- [Available data]:
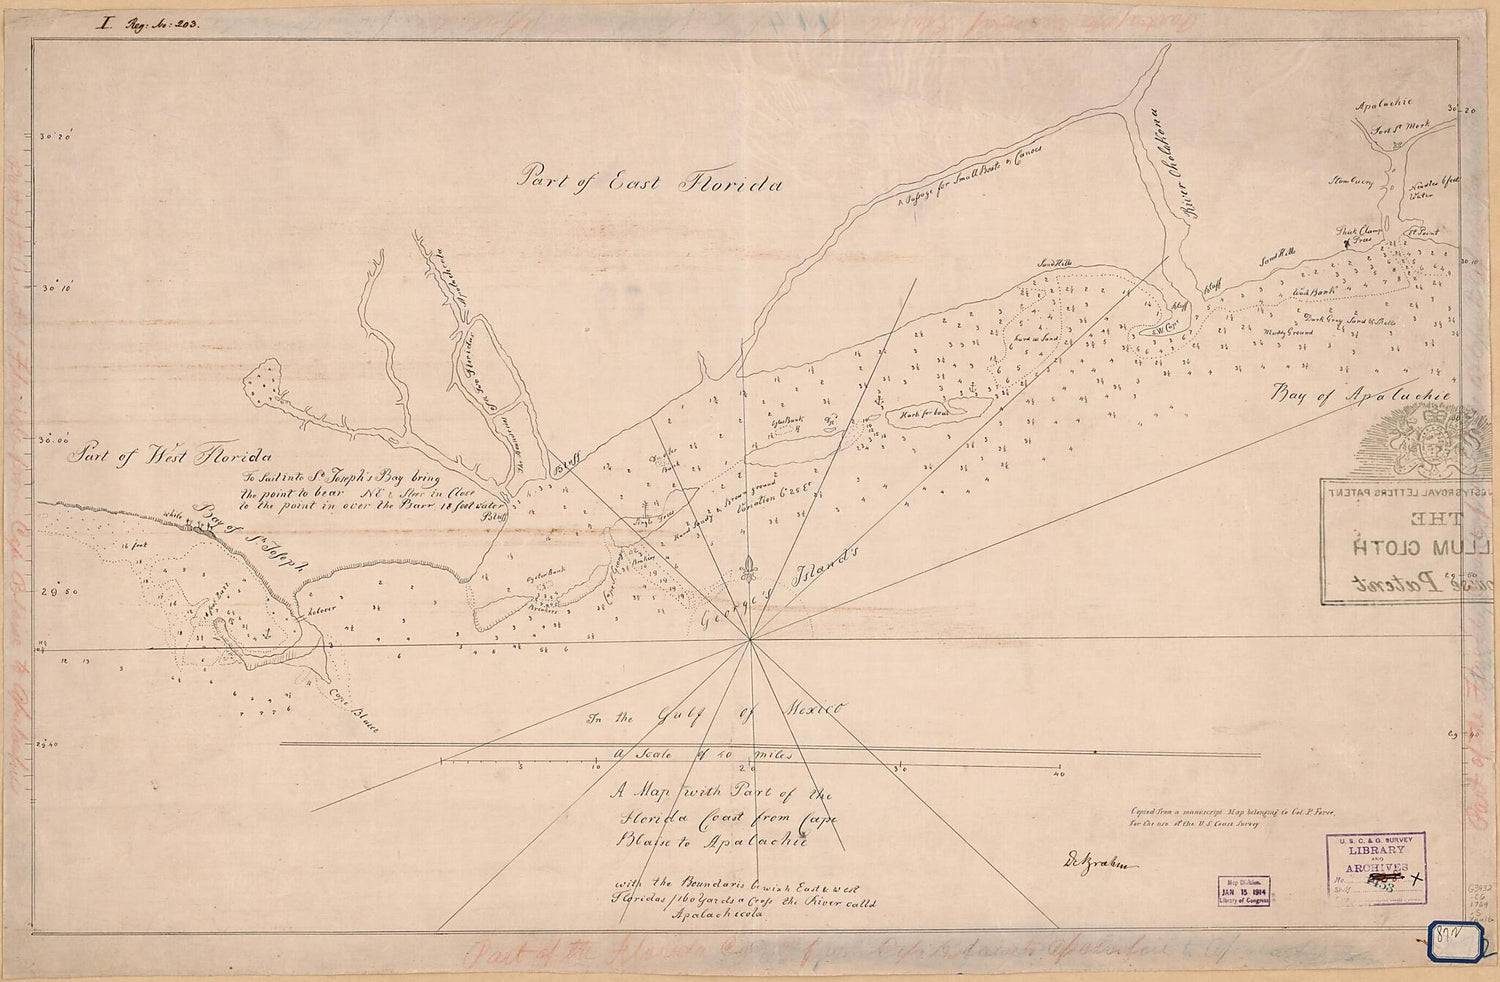 This old map of A Map With Part of the Florida Coast from Cape Blaise to Apalachie : With the Boundaries Bewixh East &amp; West Floridas : 160 Yards Across the River Calld Apalachicola. (Florida Coast from Cape Blaise to Apalachie) from 1769 was created by J
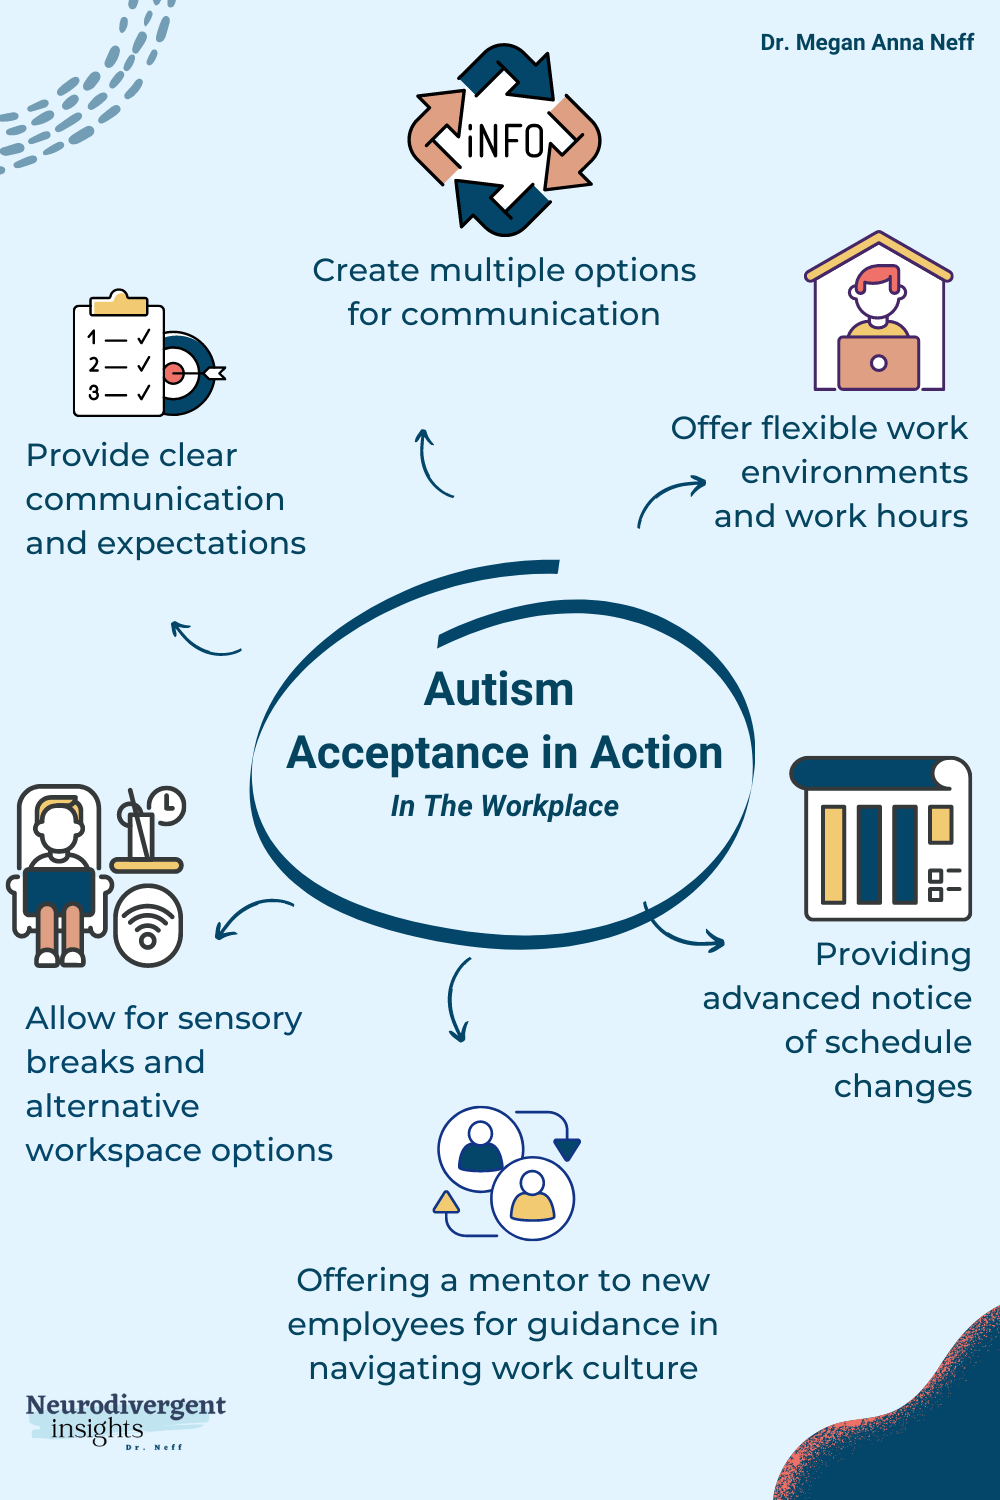 Autism acceptance and autism awareness in the workplace
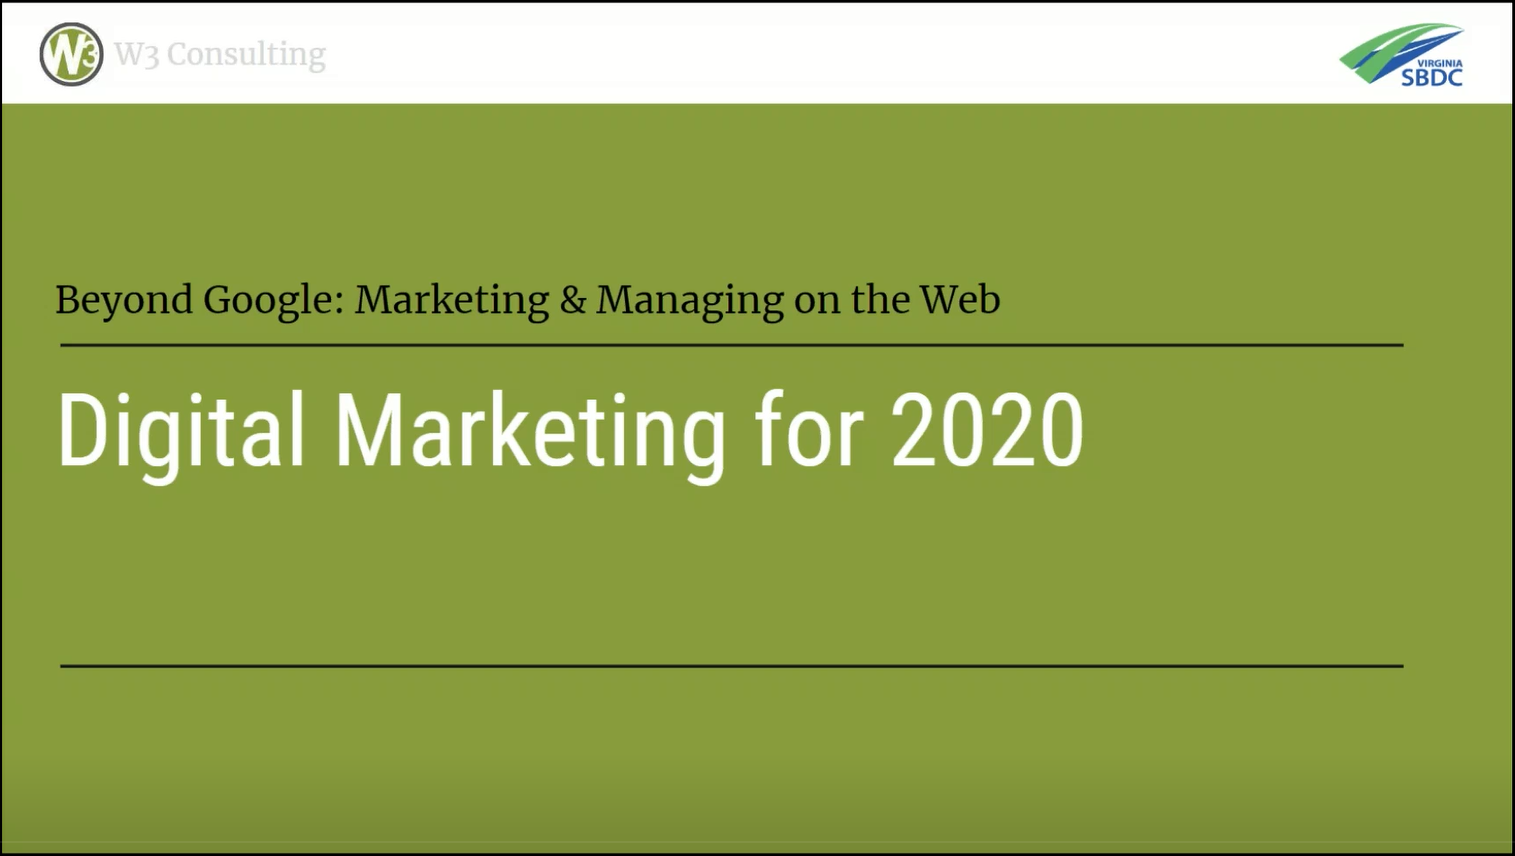 small business digital marketing trends for 2020

- [Exercise aim]: From the first line above down to the line with "Autism acceptance and", reproduce every line and no others, omitting pictures.

- [Reply]:
 This old map of A Map With Part of the Florida Coast from Cape Blaise to Apalachie : With the Boundaries Bewixh East &amp; West Floridas : 160 Yards Across the River Calld Apalachicola. (Florida Coast from Cape Blaise to Apalachie) from 1769 was created by J
 Autism acceptance and autism awareness in the workplace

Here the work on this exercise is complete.